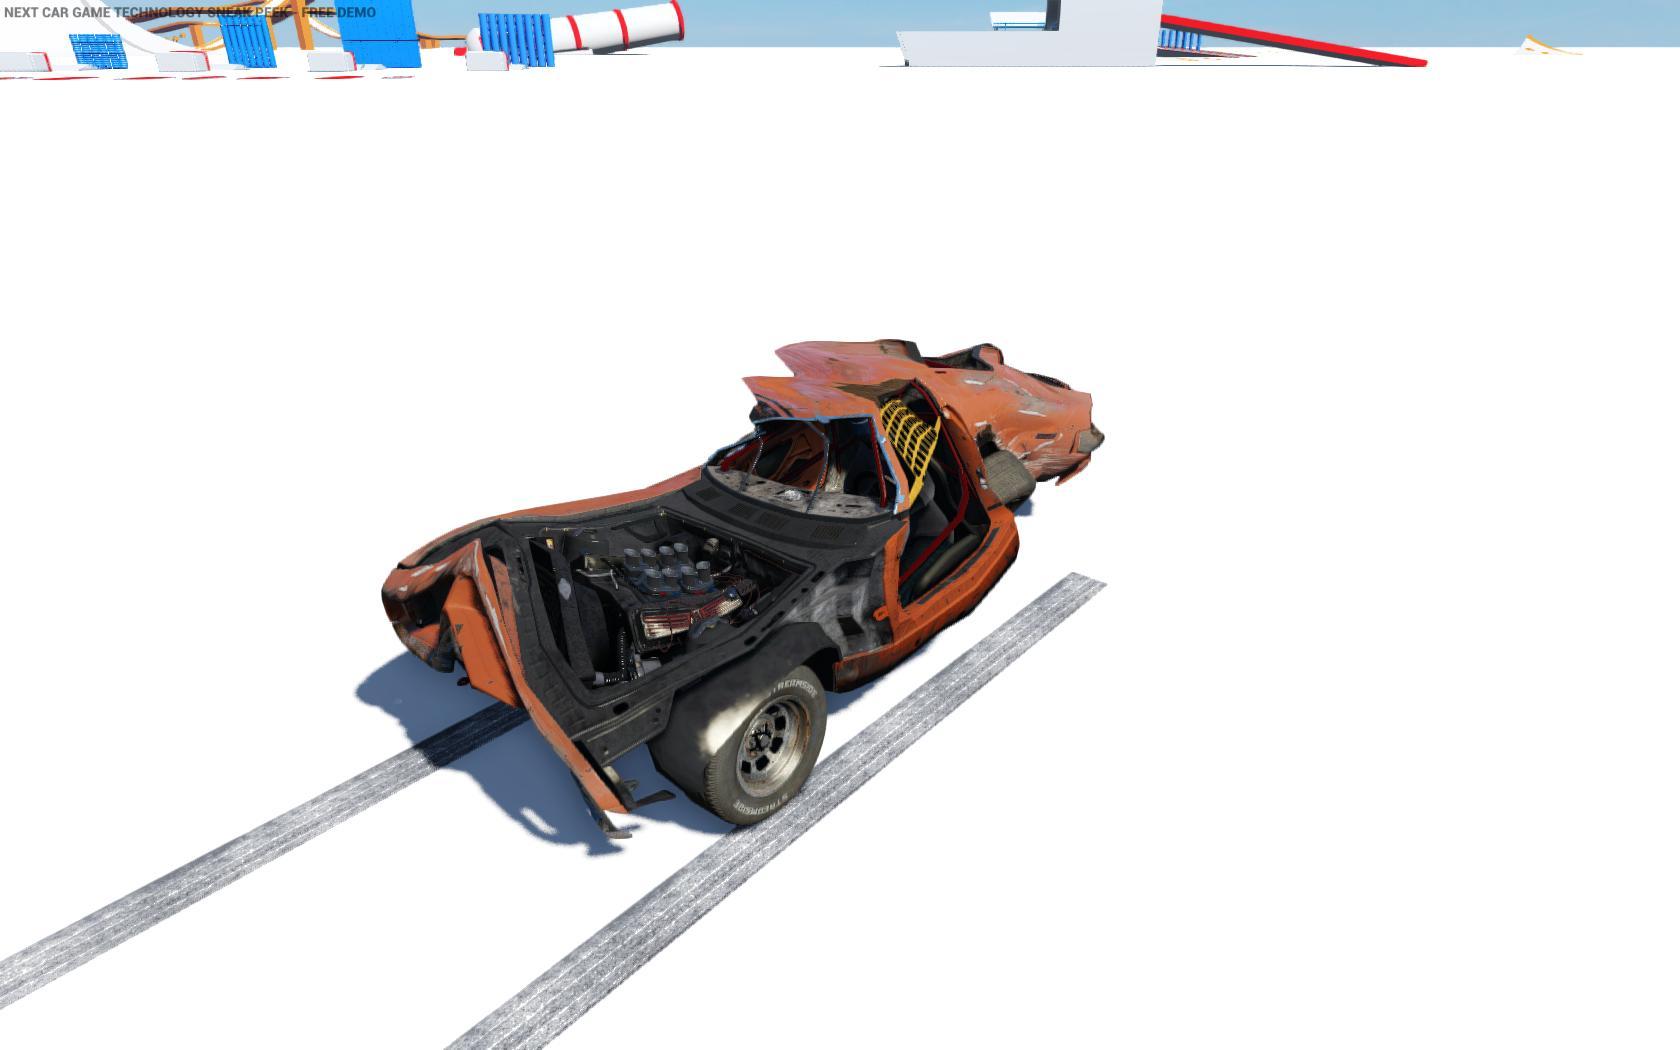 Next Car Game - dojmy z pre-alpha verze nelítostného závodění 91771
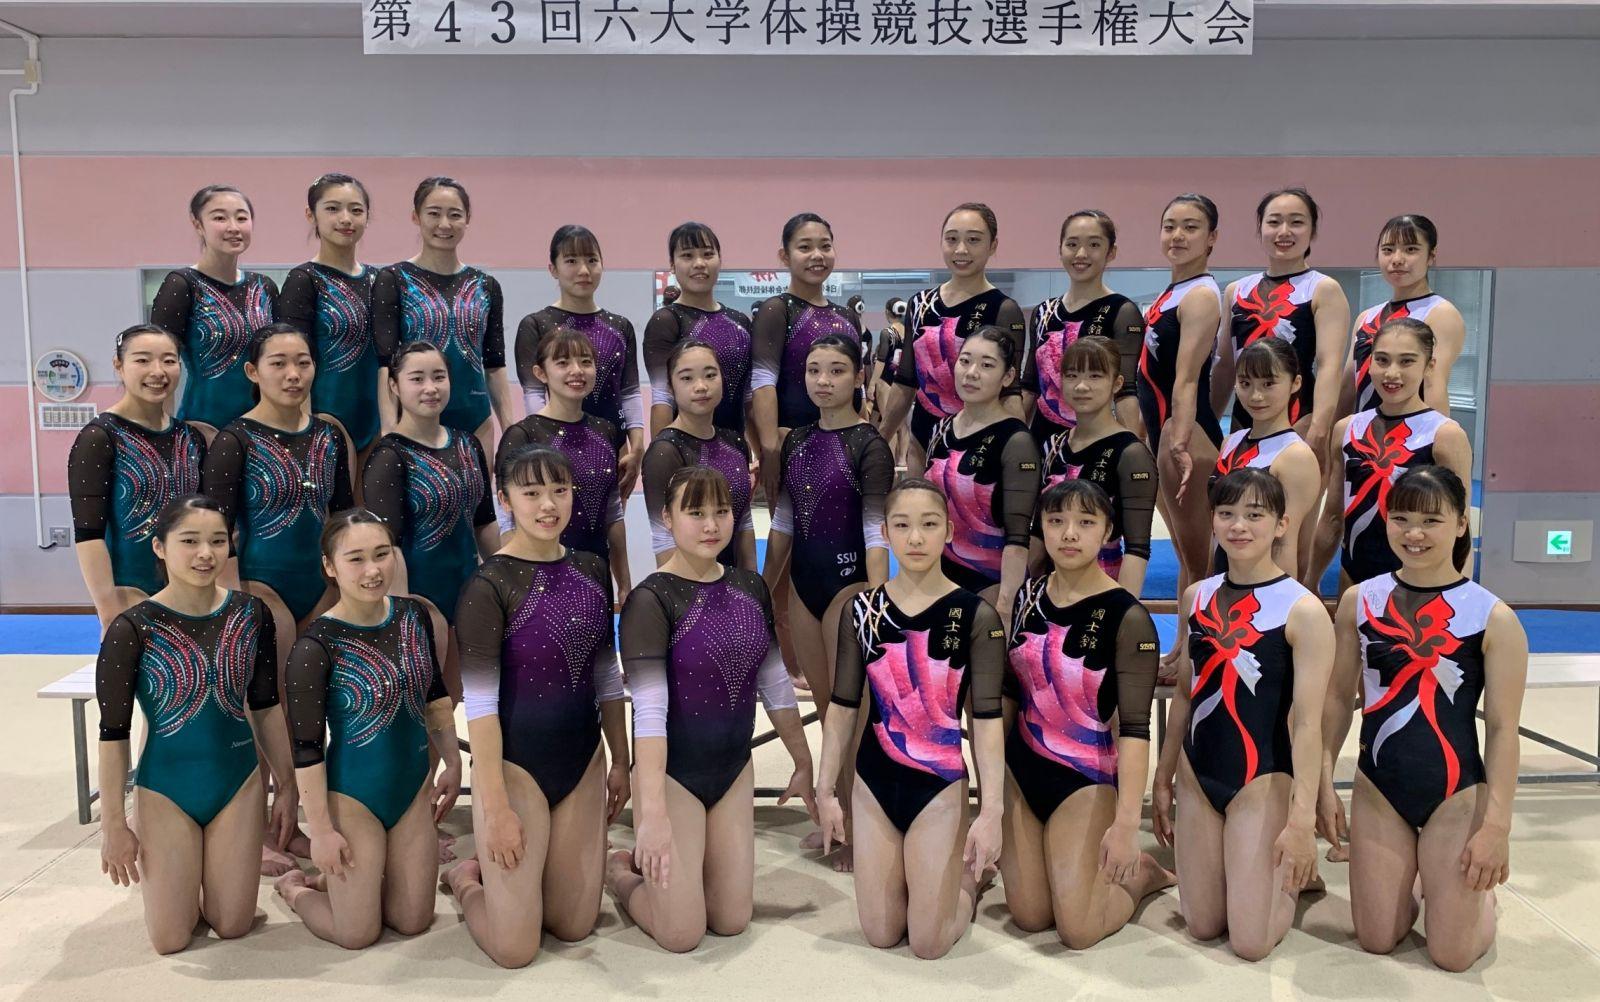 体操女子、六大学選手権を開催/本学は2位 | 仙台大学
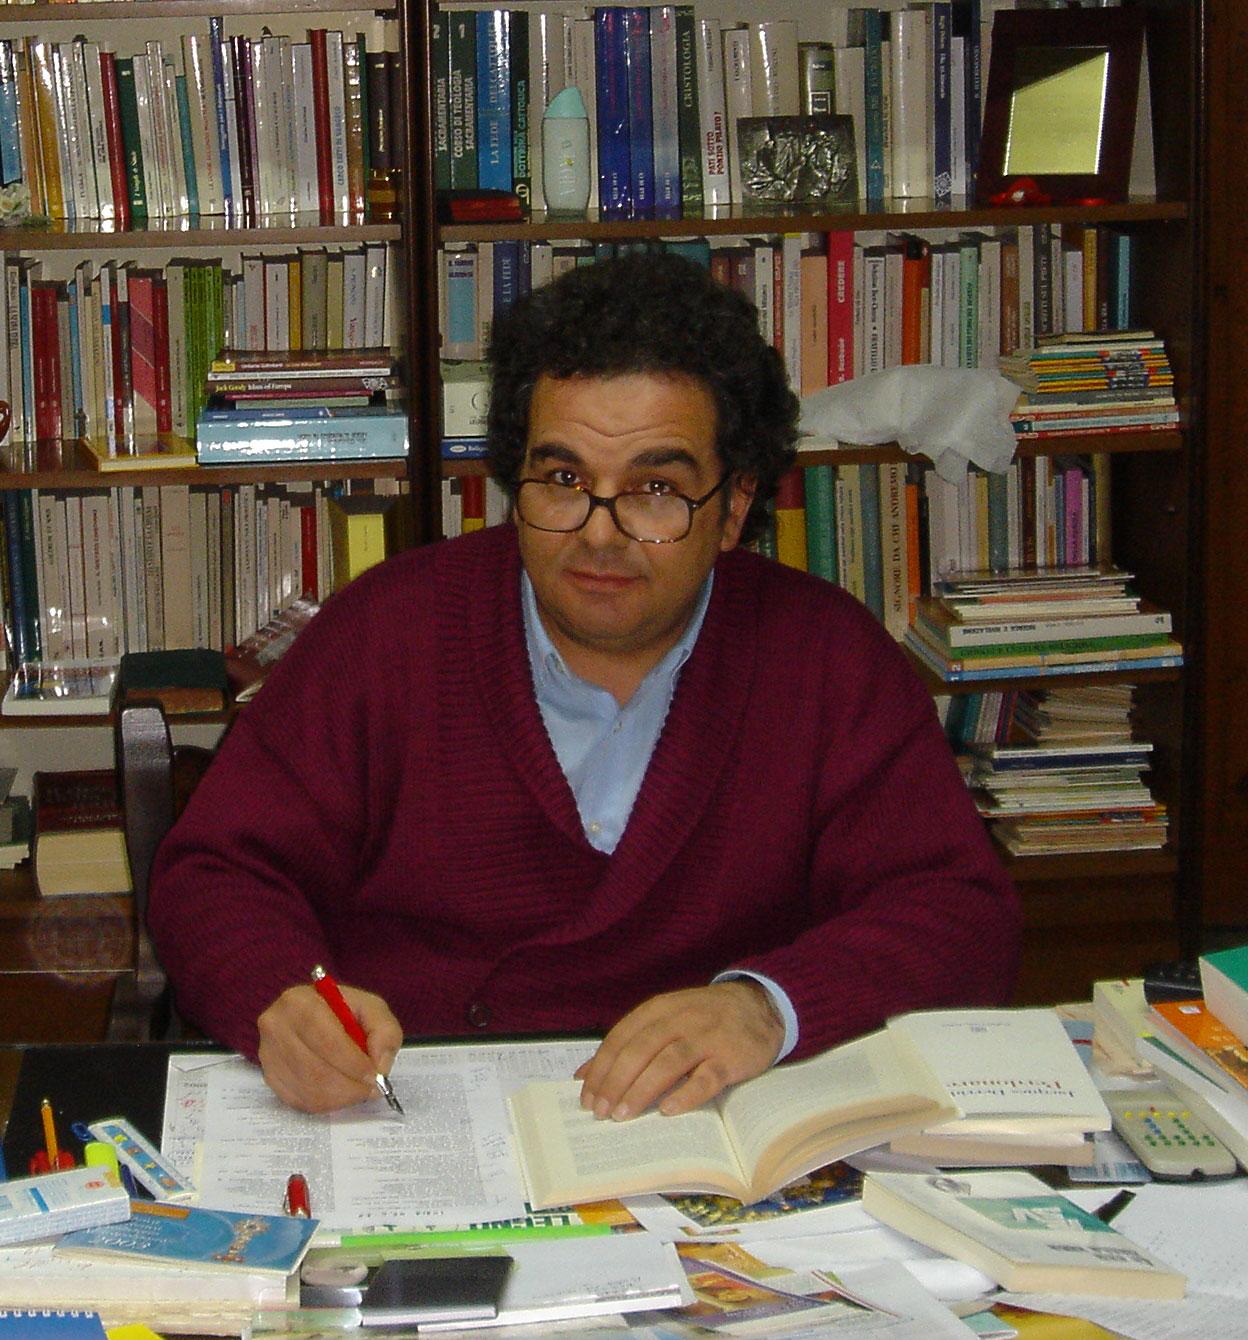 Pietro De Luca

= = = =

- **YOUR OBJECTIVE**: Please give the material above again in full, with no pictures in your version.

- **RESULT**:
 Next Car Game - dojmy z pre-alpha verze nelítostného závodění 91771
 体操女子、六大学選手権を開催/本学は2位 | 仙台大学
 Pietro De Luca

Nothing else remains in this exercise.